The US Coast Guard, and ships from the Netherlands made drug busts in the Caribbean Sea over the last few weeks resulting in a cumulative seizure of 5,237 pounds of cocaine.  The Coast Guard says the illegal narcotics which were offloaded at Base Miami Beach last Friday value $99 million.

The drugs were seized in the international waters of the Caribbean Sea by crews from: Coast Guard Cutter Donald Horsley, His Netherlands Majesty’s Ship Friesland, His Netherlands Majesty’s Ship Groningen.

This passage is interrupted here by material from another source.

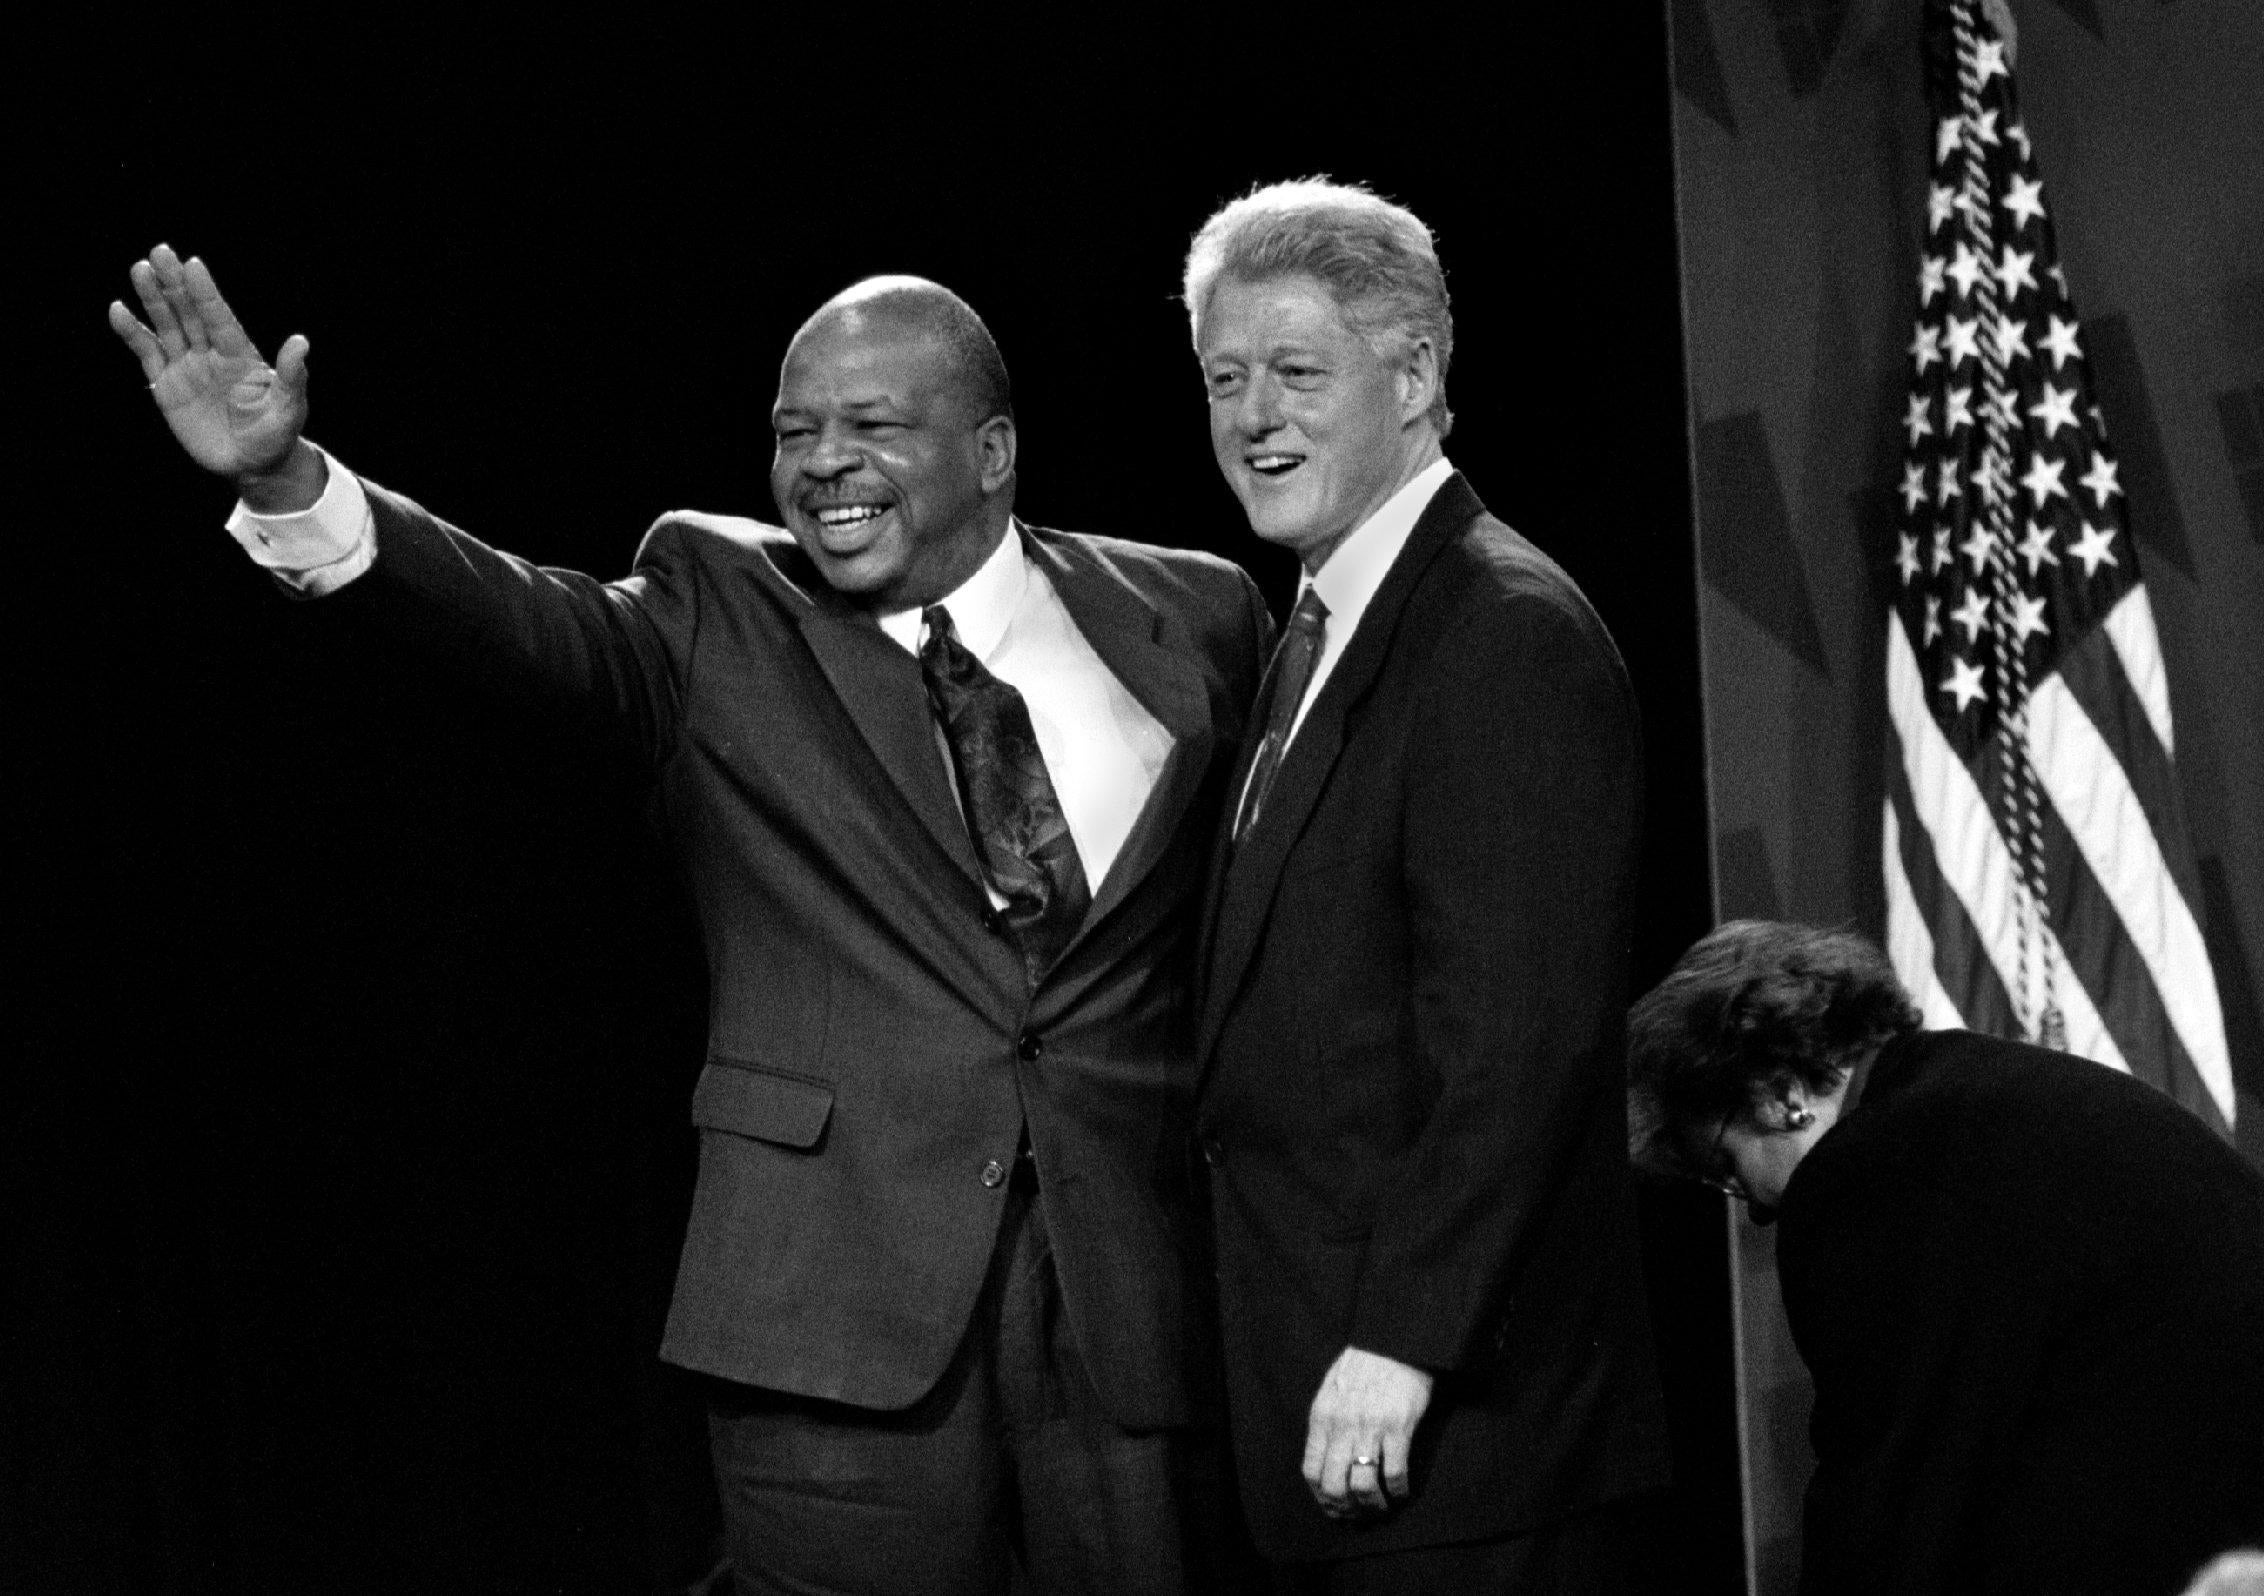 &#13;
Bill Clinton and Elijah Cummings in Baltimore in 1998 &#13;

Coast Guard Commanding officer of the Thetis, which transferred the drugs to the base in Miami, Justin Nadolny praised the partnership between themselves and the Netherlands which led to the massive seizure.

“Interdicting drug traffickers on the open ocean is challenging work and every interdiction is complex and unique,” he said. “This offload is a testament to the teamwork and devotion of every crew assigned to carry out this mission, and it showcases the strength of the valuable international partnerships united to combat transnational organized crime.  The fight against drug cartels in the Caribbean Sea requires unity of effort in all phases from detection, monitoring, and interdictions, to criminal prosecutions by international partners and U.S. Attorneys’ Offices in districts across the nation.”
The Turks and Caicos also have an agreement with the US Coast Guard signed in recent months which allows for tighter partnerships between the two countries (and the Bahamas) in the fight against illegal migration and drug trafficking in the county’s waters.